## GIVEN INFORMATION
▼

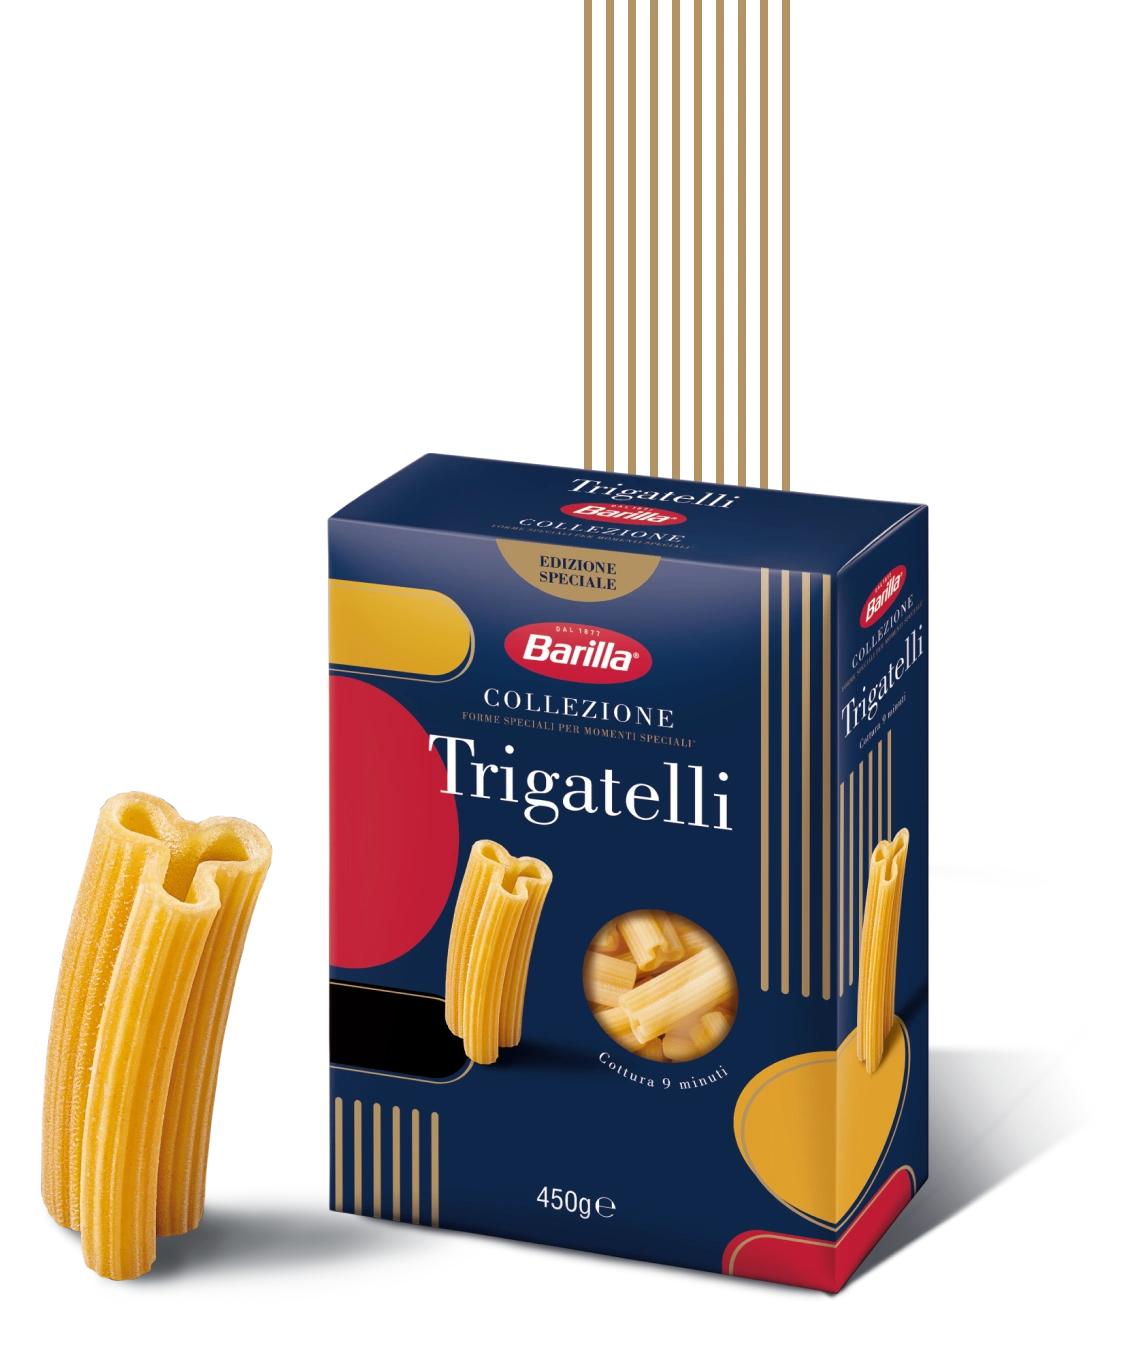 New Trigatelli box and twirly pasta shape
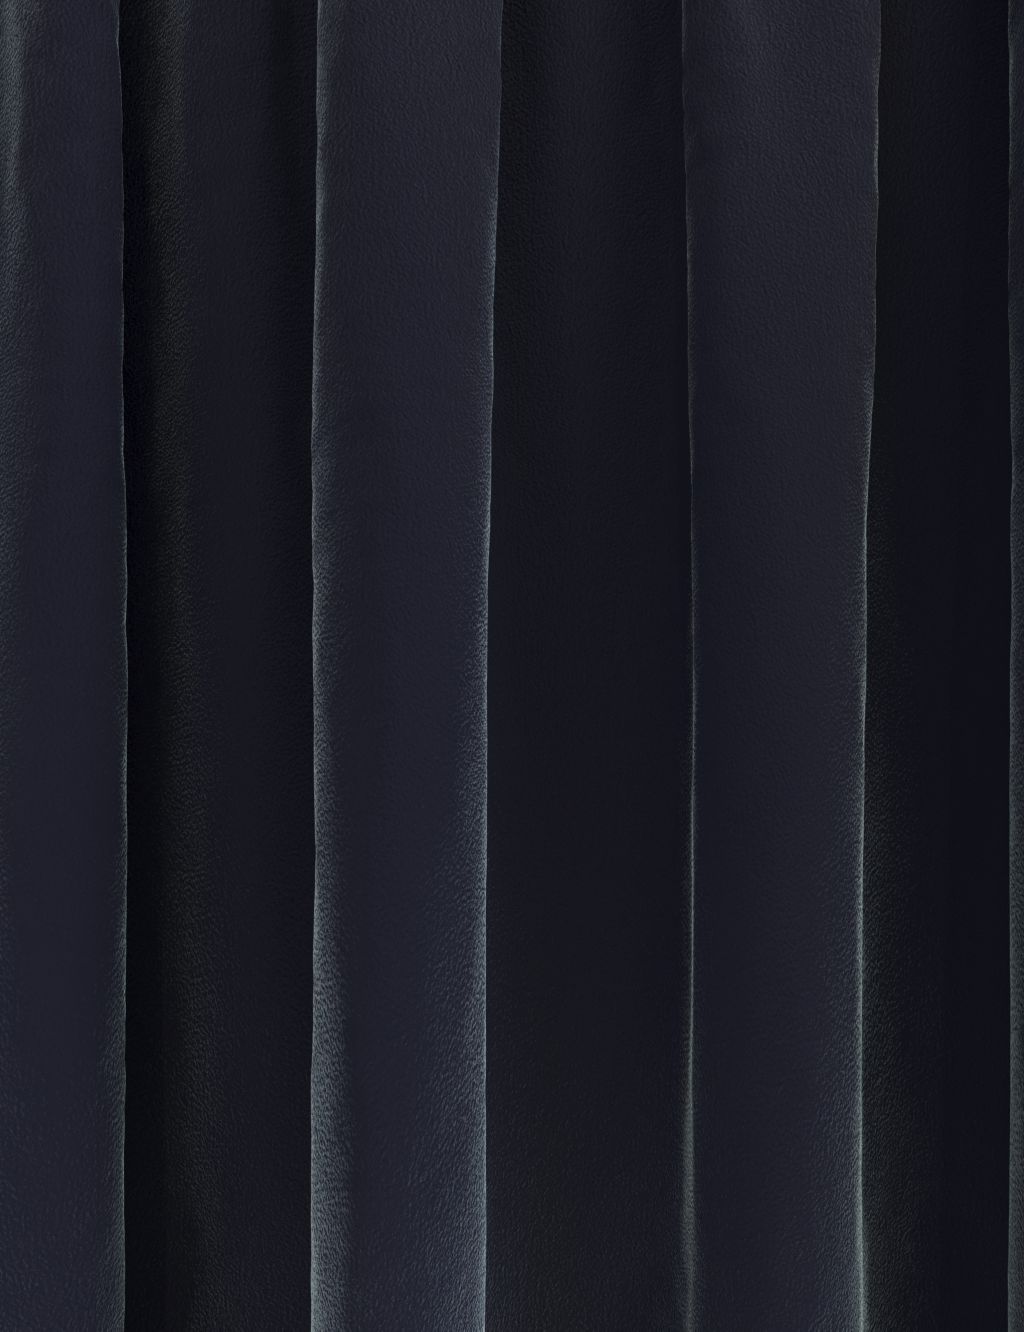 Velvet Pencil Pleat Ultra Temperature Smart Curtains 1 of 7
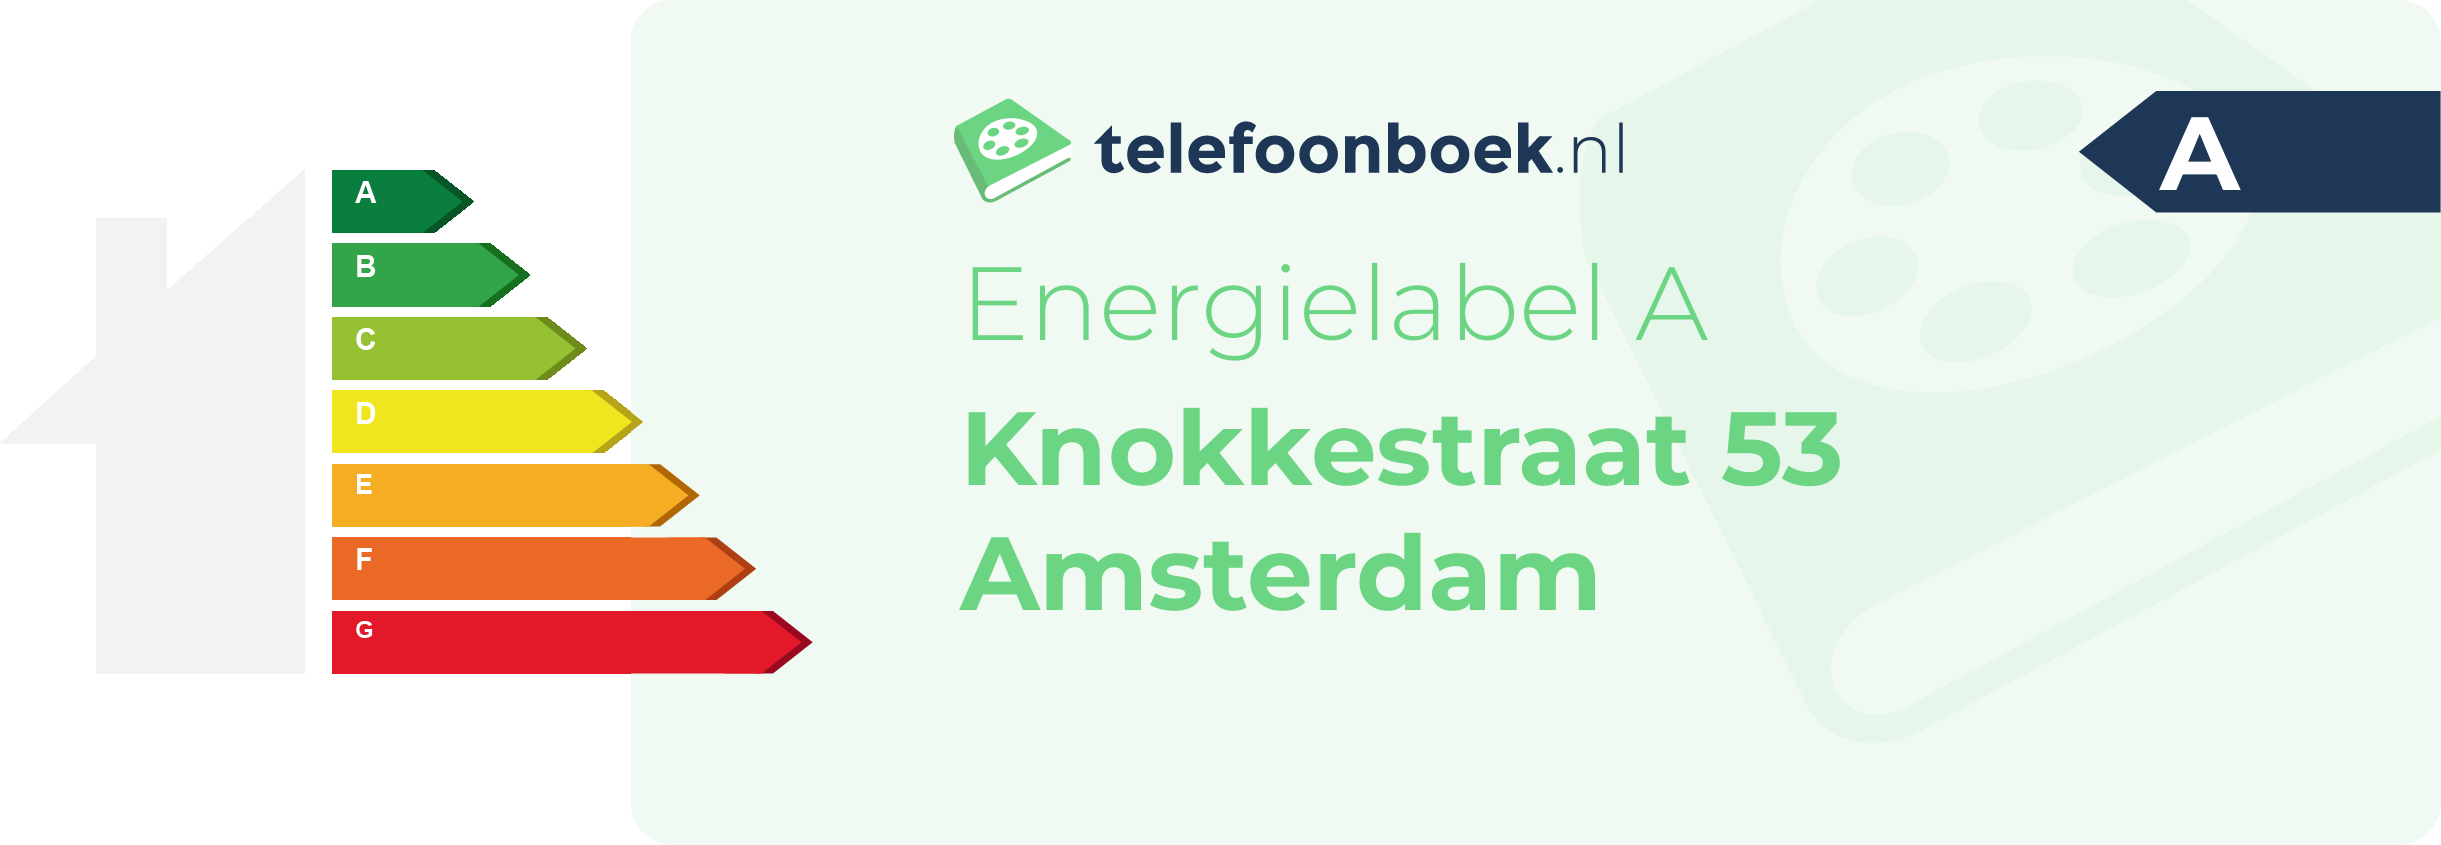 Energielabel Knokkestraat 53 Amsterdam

▲
▼

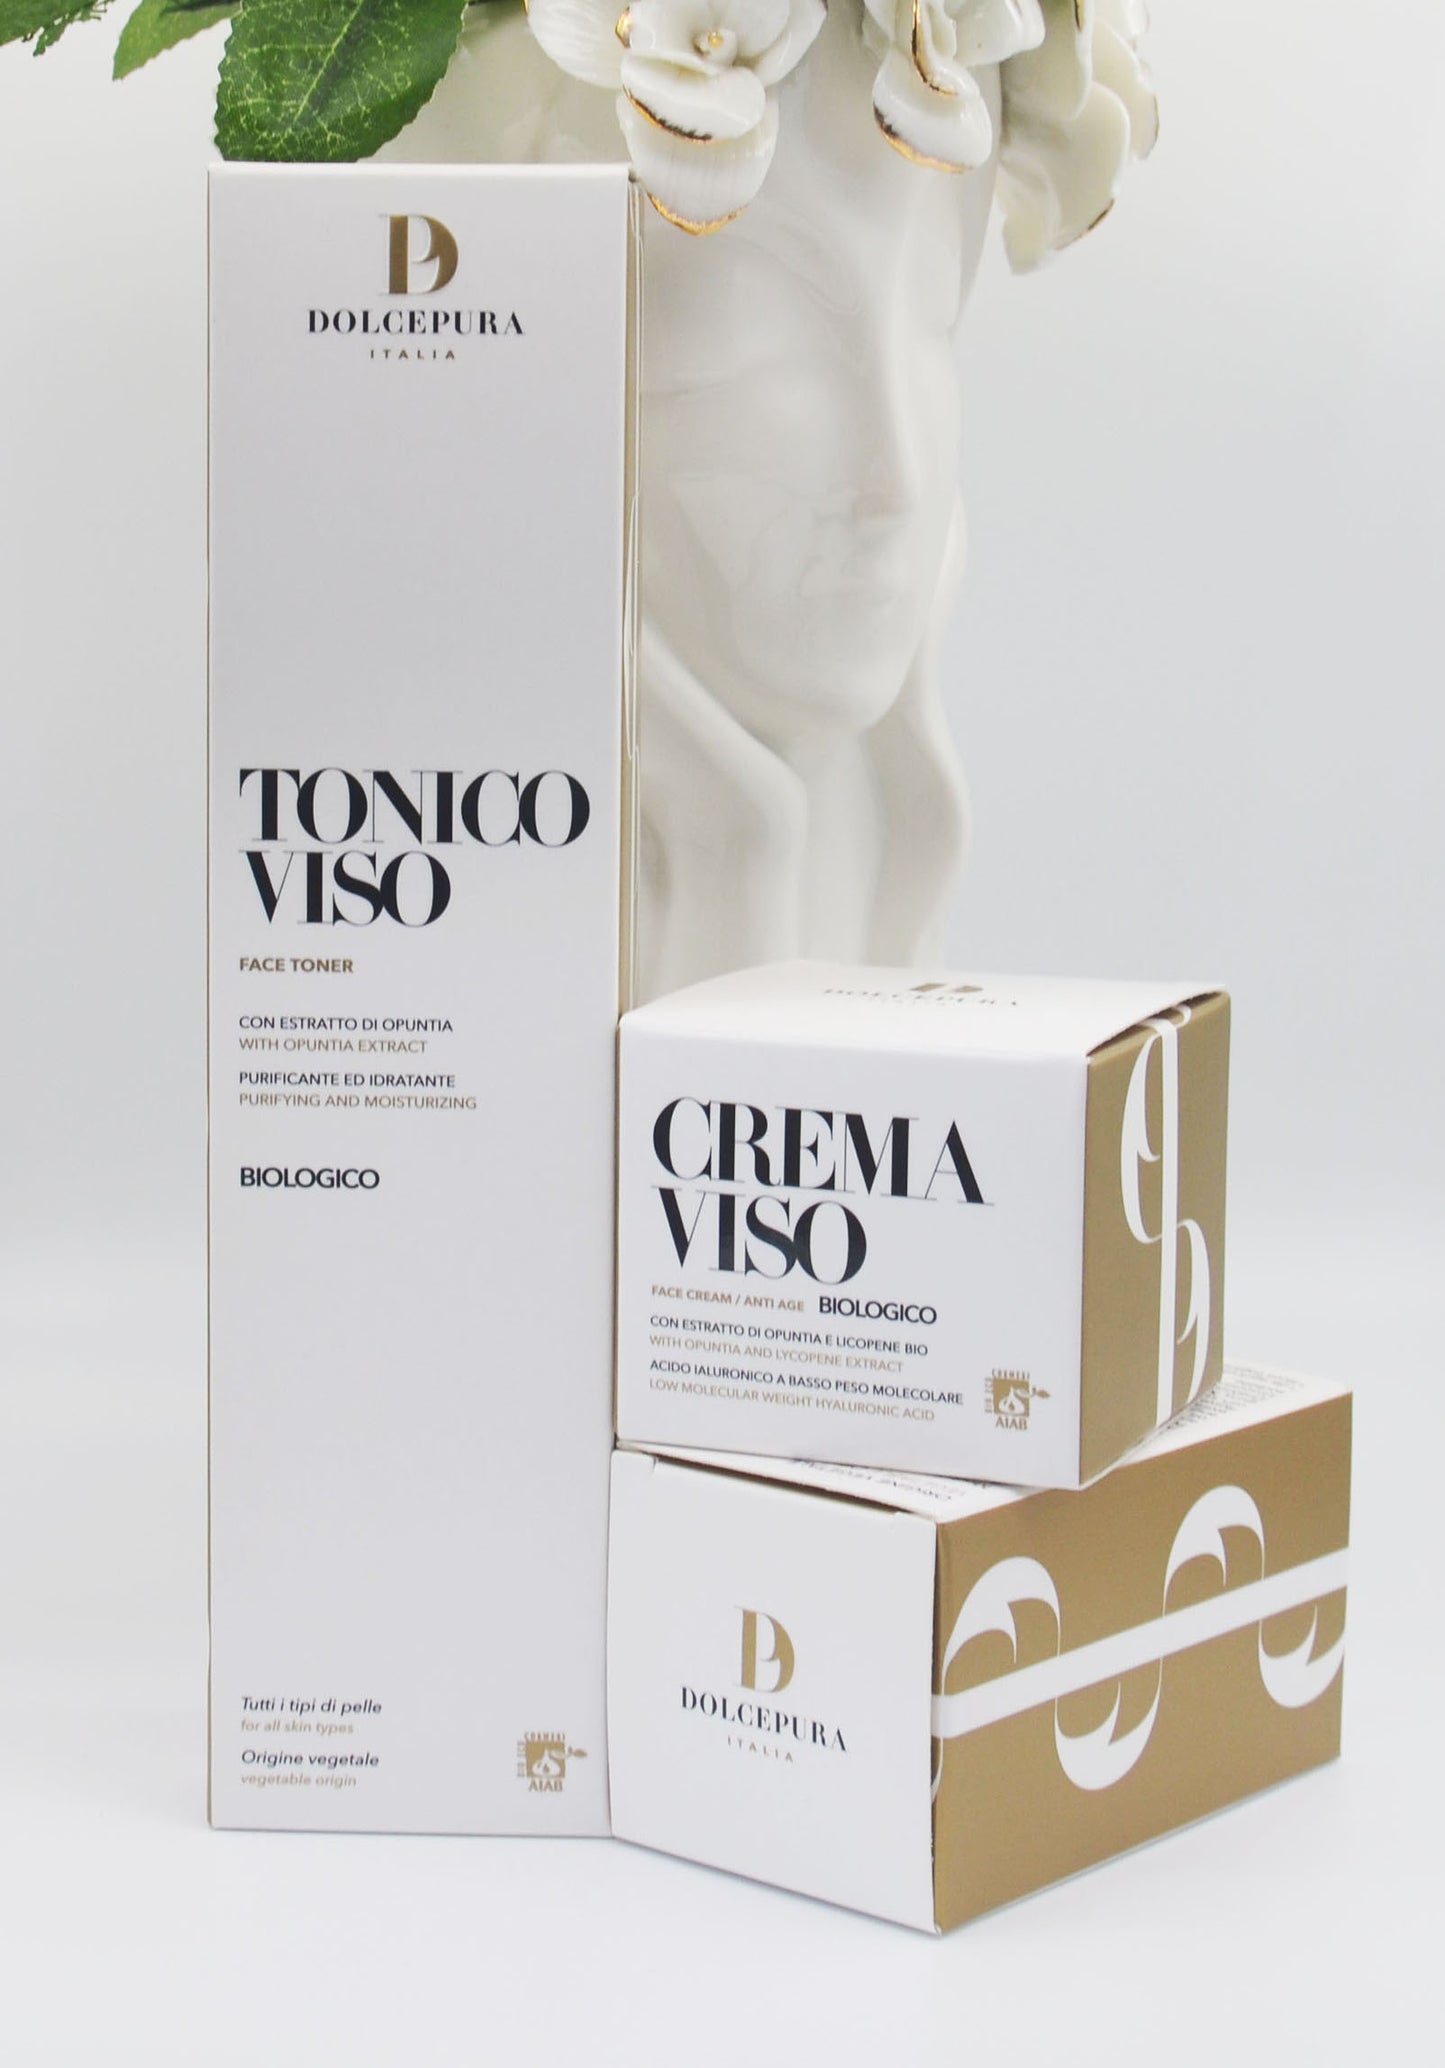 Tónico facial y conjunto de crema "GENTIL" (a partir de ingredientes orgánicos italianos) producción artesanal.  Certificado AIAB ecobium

▲
▼

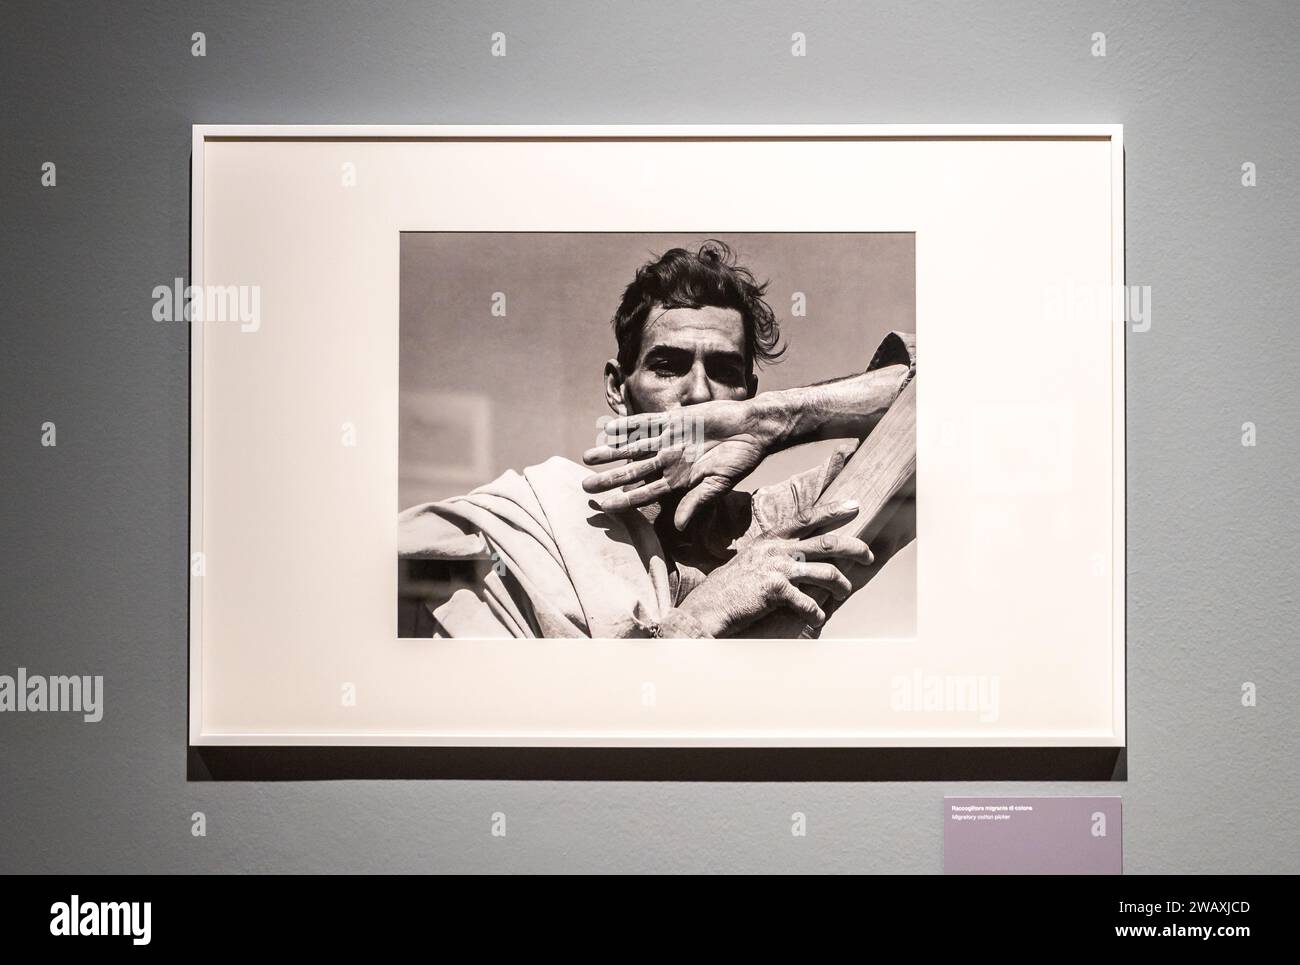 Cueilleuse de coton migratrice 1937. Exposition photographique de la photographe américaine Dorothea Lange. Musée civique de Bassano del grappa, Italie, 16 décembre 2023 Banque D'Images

▲

## DIRECTIONS FOR THIS TASK
Of the records above, print only the lines from the one containing "Velvet Pencil Pleat" through the one containing "Energielabel Knokkestraat 53 Amsterdam", inclusive and unaltered, leaving out pictures.

## RESPONSE AREA
 Velvet Pencil Pleat Ultra Temperature Smart Curtains 1 of 7
 Energielabel Knokkestraat 53 Amsterdam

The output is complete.